Political Science and Criminal Justice

Faculty Research, Sabbaticals, and Accomplishments


Political Science FacultyPolitical science faculty accomplished a lot in the spring 2014 semester: Professor Ryan Patten won the Myles Tracy Outstanding Student Organization Advisor Award. Professor Michael Coyle received the University’s Professional Achievement Honors.
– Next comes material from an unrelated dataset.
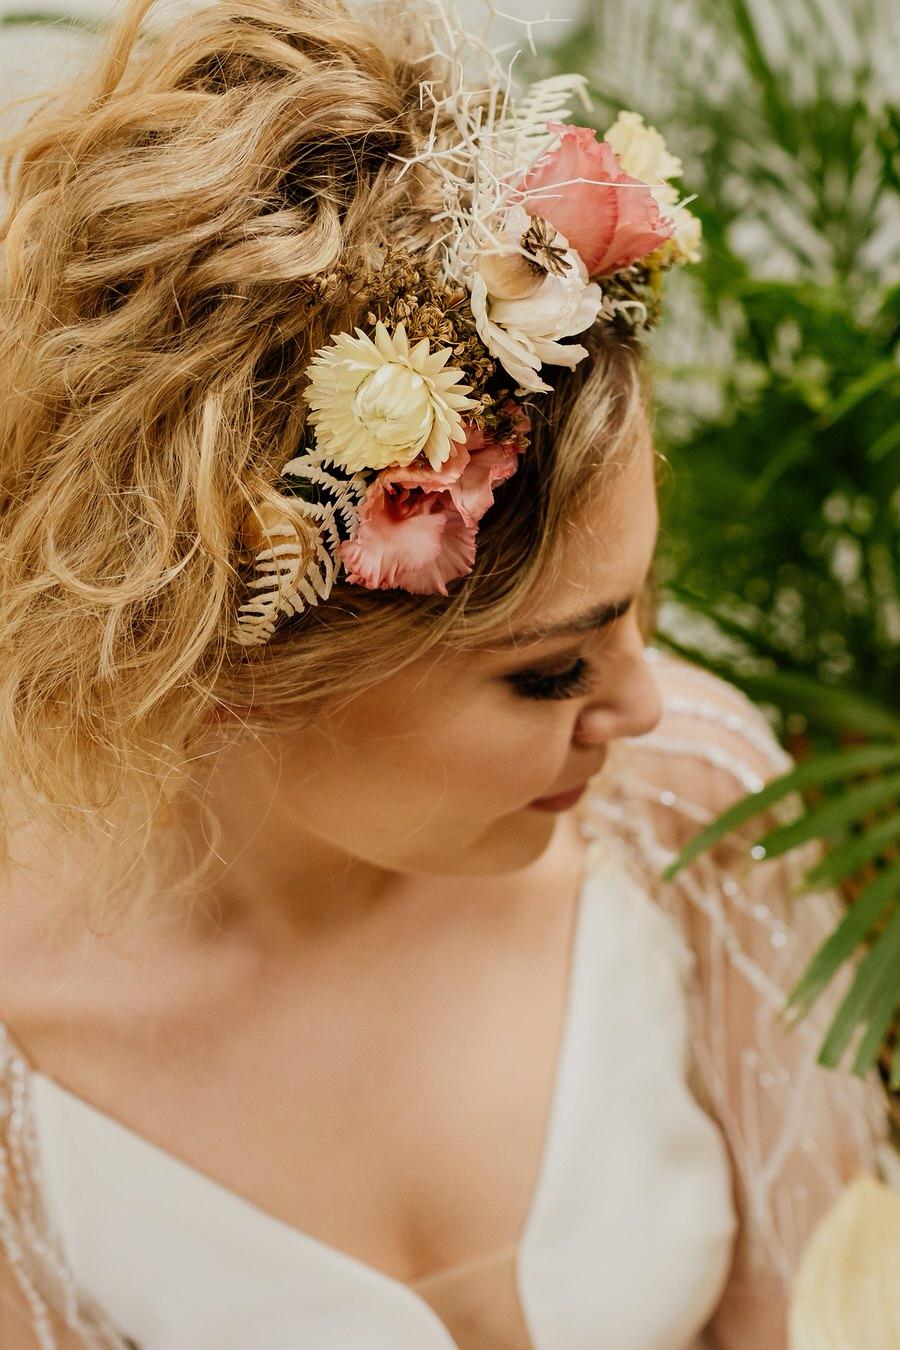 Free spirited modern jungle wedding inspiration at White Syke Fields, image credit Jenna Kathleen Photography (14)

This past spring, Professor Matthew Thomas was on sabbatical leave, which allowed him the opportunity to engage in several research projects. The first project involved the expansion of a study on the effects of criminal justice realignment in California. As a member of the Consortium for Public Safety Research (CPSR) along with his colleagues Professor Sally Anderson, Professor Jon Caudill, and Professor Ryan Patten, Professor Thomas has been studying the impact of realignment on the Butte County Sheriff’s Office. During his sabbatical, he conducted the preliminary research on realignment’s impact on the Butte County Probation Department by embedding with two units (the Post-Release Community Supervision Unit and the Butte County Intensive Unit) to better understand their work. As with his work with the Sheriff’s Office, this groundwork set the stage for the CPSR to place research interns (both undergraduate and graduate students) in probation units, allowing them to collect data for this project. This project is particularly exciting because it is real-time research that provides feedback to local organizations, and it heavily involves students in the research process. In addition to the work at probation, Professor Thomas also continued to work on a book about the reconstruction of New Orleans after Hurricane Katrina. That work is almost completed and will be submitted to a publisher soon. Finally, Professor Thomas worked on several journal articles, including an article about research done by him and his colleagues at the Sheriff’s Office.

Professor Michael Coyle spent much of his yearlong sabbatical in Europe working on his next book Seeing Crime, which is an exploration of arguments toward penal abolition. While in Europe, he spent a month traveling, speaking, and strategizing with Norwegian colleagues on the praxis of penal abolition. He published two new papers: “Expanding Deviance Toward Difference: A Linguistic Approach,” a theoretical argument for replacing the distinction “deviance” with “difference” and “How Prisons Become Dystopias of Color and Poverty: Prison Abolition Lessons From the War on Drugs.” Michael also rested, renewed, and prepared his new ethics course for the criminal justice major.

Political Statements is the official newsletter of the Department of Political Science and Criminal Justice at California State University, Chico.

With over 1,000 total majors, the Department of Political Science and Criminal Justice is one of the largest departments at Chico State. Students choose courses from a rich curriculum, providing close student-faculty contact in each of the following majors of study: U.S. politics, legal studies, criminal justice, international relations, and public administration. The department also offers a Master of Public Administration and a Master of Arts in Political Science.